Creation by type name. When an AUIS data stream is read in, the type of each subordinate object is denoted with a character string giving the name of the object class. The ATK class provides a static member function ATK::NewObject whose argument is a character string and whose value is an object of the named class.
In order to implement ATK::NewObject, each class of objects must be registered. A class definition prepares for this by including in the .C file a call on the ATKdefineRegistry macro. This macro creates a table entry which is installed in a central table when the main program or loader calls ATKregister for the class.
Object initialization. The Class-C method of initializing objects was for each class to provide an initialization function with the following signature:
Obviously the return of a boolean indicating success or failure would not map directly to the use of constructors in C++. (Since C++ constructors have no return type.) The expected way for constructors to fail is to throw an exception. However exceptions are not widely implemented yet. Indeed, initially none of the C++ compilers available to us had working exceptions. For the time being, InitializeObject methods are converted to constructors, and the return statements are converted to a macro which simply prints an error message if the value passed indicates failure.
Header file incompatibilities. Header files in various compilers and operating systems are incompatible with C++. For example, the IBM AIX 3.1.5 header files used the keyword "new" as a parameter name. The Cfront 2.1 and GNU C++ implementations we had available did not remedy this situation. Moreover, some functions which aren't specified by any standard simply had no prototype. One result was that we factored out network socket code into C source files. We also adopted a coding standard requiring inclusion of andrewos.h as the first included file. This header file includes a number of standard system header files, doing whatever is necessary to address any failings of the header files with respect to C++ compatibility. The Class-C to C++ converter imposed this standard on all converted source files.
Nested types. An attempt was made to use nested types. In particular several classes used function pointers for callbacks, and it seemed sensible to provide typedefs for these pointer types within the class declaration.
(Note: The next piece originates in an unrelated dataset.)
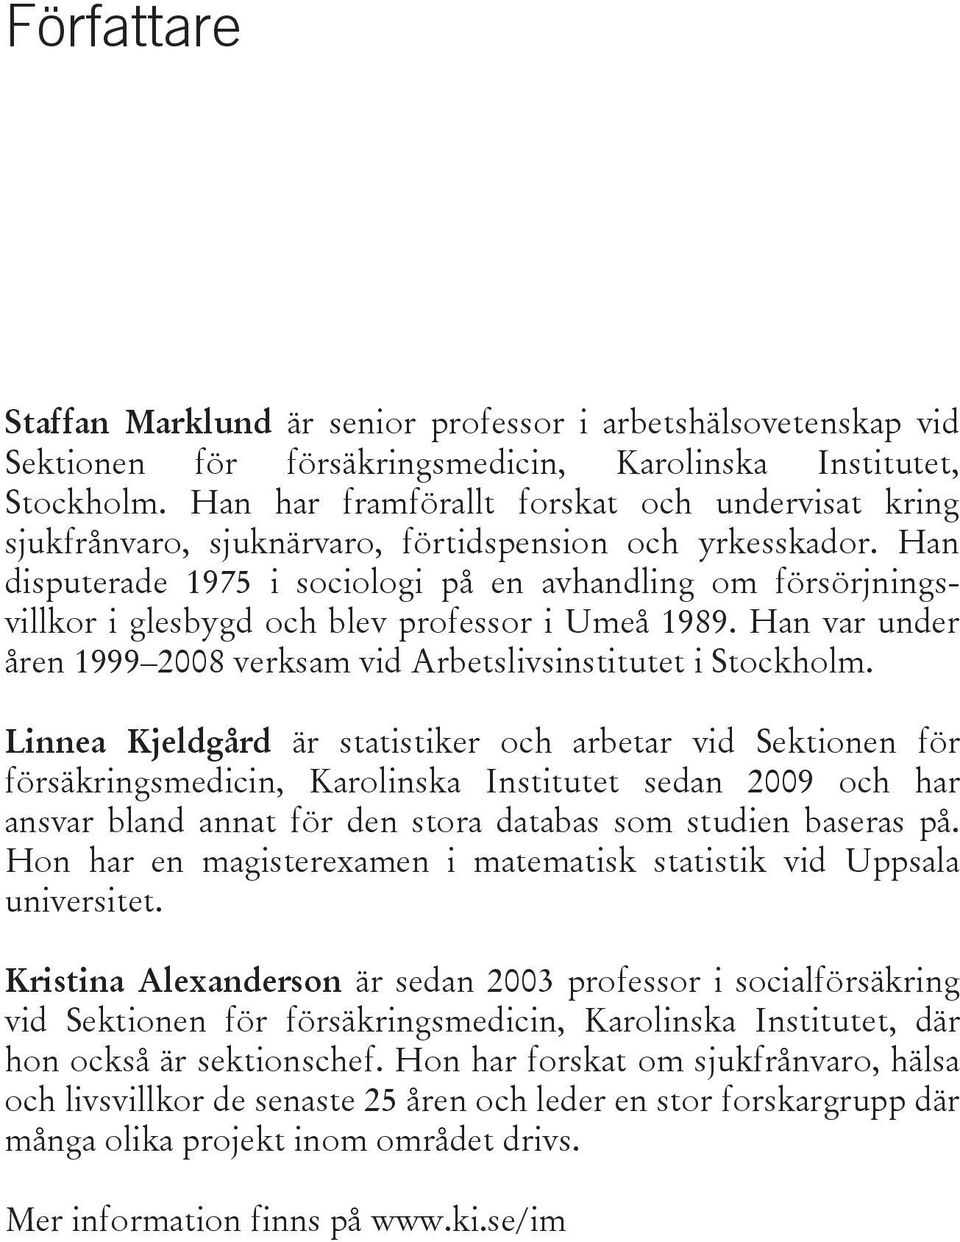 Han disputerade 1975 i sociologi på en avhandling om försörjningsvillkor i glesbygd och blev professor i Umeå 1989. Han var under åren 1999 2008 verksam vid Arbetslivsinstitutet i Stockholm.

This approach was abandoned when we discovered the GNU C++ compiler had several bugs in this area and the Cfront 2.1 compiler didn't implement nested types at all. We settled for manual name scoping of the typedefs by prepending classname_ to the typedefs.
Inheritance. In C++ all names in the scope of a class are inherited by derived classes. In Class-C, however, only ordinary methods were inherited; access to data members of base classes were via a "header" member as in self->header.dataobject.id. Conversion led to some silent name clashes between base and derived classes. Clashes with class procedure names were harmless, since our original code would never try to access the wrong version of the function. Data conflicts were hazardous, however, since initially the converter lost the information about which instance of the variable name was desired. Constructs like self->header.dataobject.id were converted to self->id, so a derived class version of id might be silently substituted for the base class version. To resolve the problem, the converter was fixed to retain the information; the example converts to this->dataobject::id.
Name scope. The introduction of nested types in some compilers broke some code where structures, enums, and unions were defined inside structures or classses, or where the first reference to a type was within a struct or class. These nested types were now placed in the scope of the struct or class, instead of in the global scope as before. To avoid this problem the converter was modified to warn of type definitions within structs and classes. Where these occurred we manually either provided a forward declaration or moved the definition of the type outside the class.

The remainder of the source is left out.